Tuesday, 17 January 2017

The BBC respond to the transgender kids complaint

   I've had a response to my complaint over the trans kids documentary. Well, when I say "response", I really mean "Cut and paste a pretty meaningless response which says in effect 'we did nothing wrong'.".
Thanks for contacting us regarding ‘Transgender Kids: Who Knows Best?’ broadcast on the 12 January.

We understand you had concerns with the programme.

With a rise in the number of children being referred to gender clinics, this programme sensitively presented different views from experts and parents on gender dysphoria in children.
For more than thirty years Dr Kenneth Zucker ran Canada's biggest child gender clinic and was considered a recognised authority on childhood gender dysphoria until he lost his job. He believes he was fired for challenging the gender affirmative approach.

This documentary examined Zucker's methods, but it also included significant contributions from his critics and supporters of gender affirmation, including transgender activists in Canada and leading medical experts as well as parents with differing experiences of gender dysphoria and gender reassignment.

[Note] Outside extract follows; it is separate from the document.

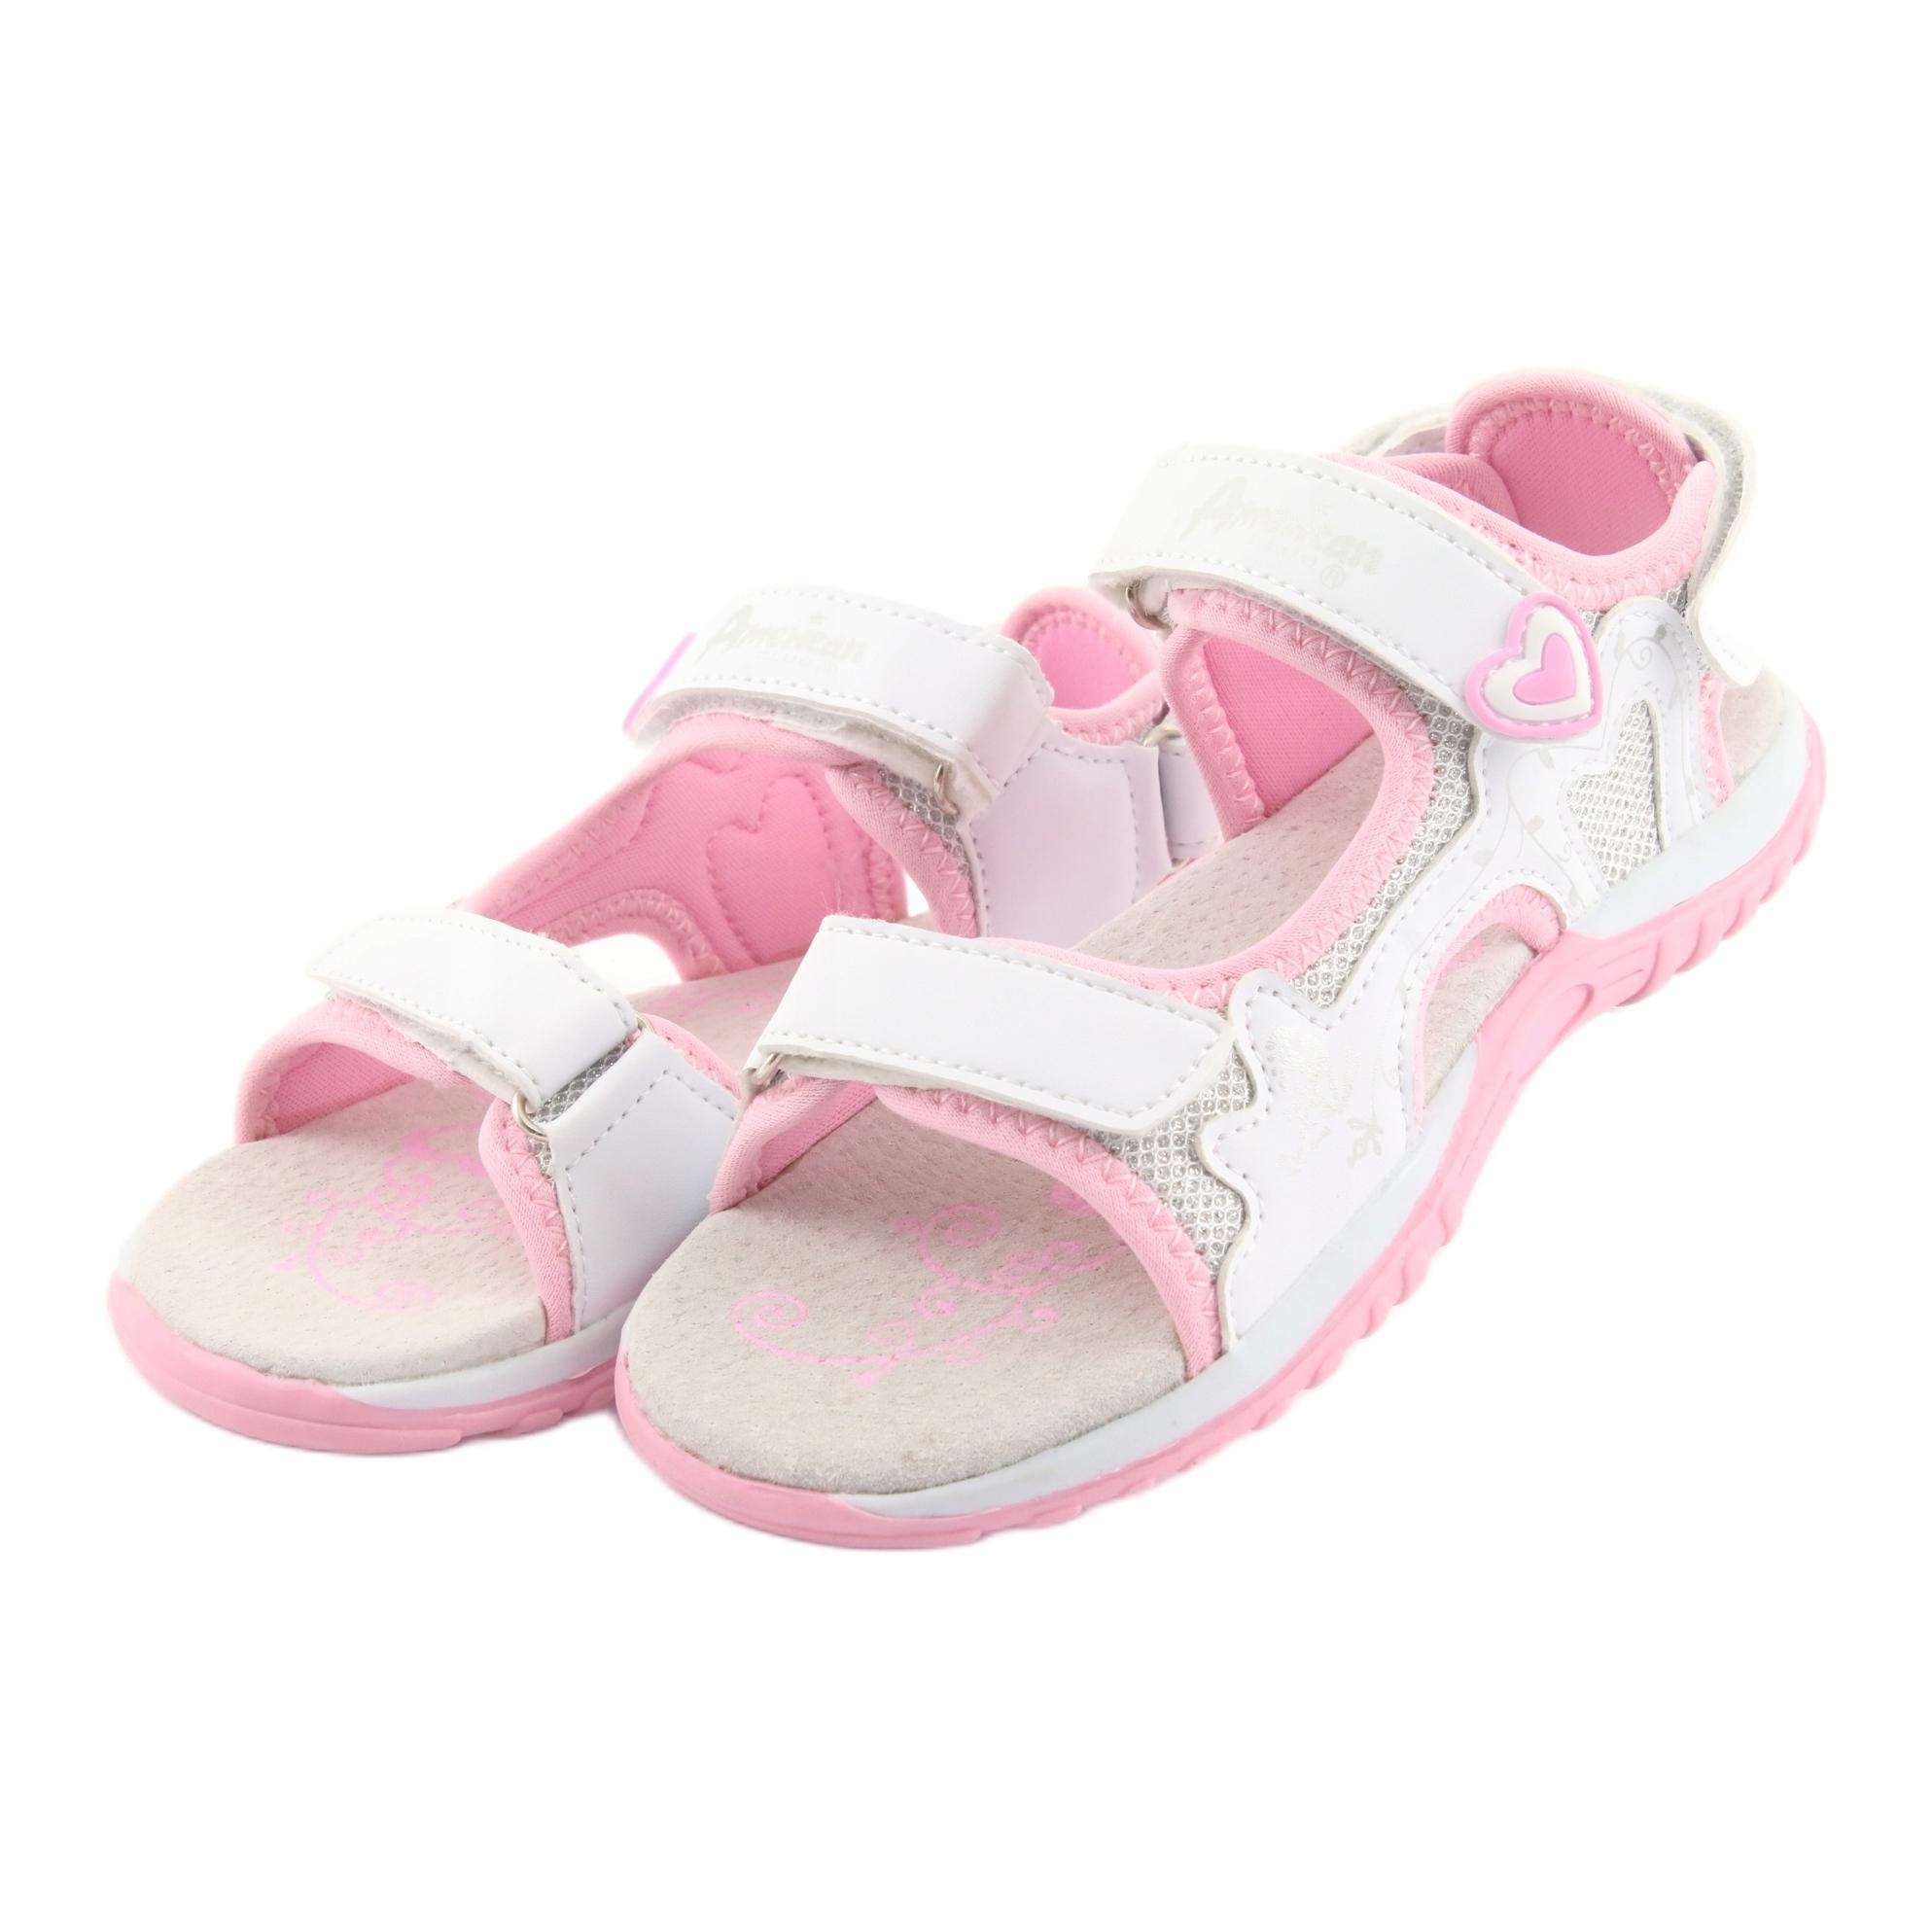 miniatura 4 - Sandali da donna di American Club bianco grigio rosa

Thanks again for contacting us with your views.

Kind Regards

BBC Complaints Team
    I feel as though I'm repeating a trade union speech I gave at a Pride a couple of years ago when I say that we're the last minority they think they can legitimately have a go at. You can't take a pop at ethnic minorities any more, Jewish people are off limits, gay people can't be touched, and women are beyond reproach. But transgender people? Hey, yeah, come on and weigh in, nobody will touch you for that!

    It can't continue, we can't let it.

    Last Saturday I was lucky enough to see Helen Belcher from Trans Media Watch speak to Swindon Transgender Group. She covered several aspects of her work as both a trans campaigner and parliamentary candidate, but as you'd imagine the documentary occupied a significant proportion of the time. It's safe to say that the transgender community will not let this one rest at merely a meaningless email response, and that awkward questions will be asked and BBC executives will be held to account.

    When I say I may soon be spending an evening standing on a pavement in Central London, it's not what you think. Last time we had a demo on this theme, it got results.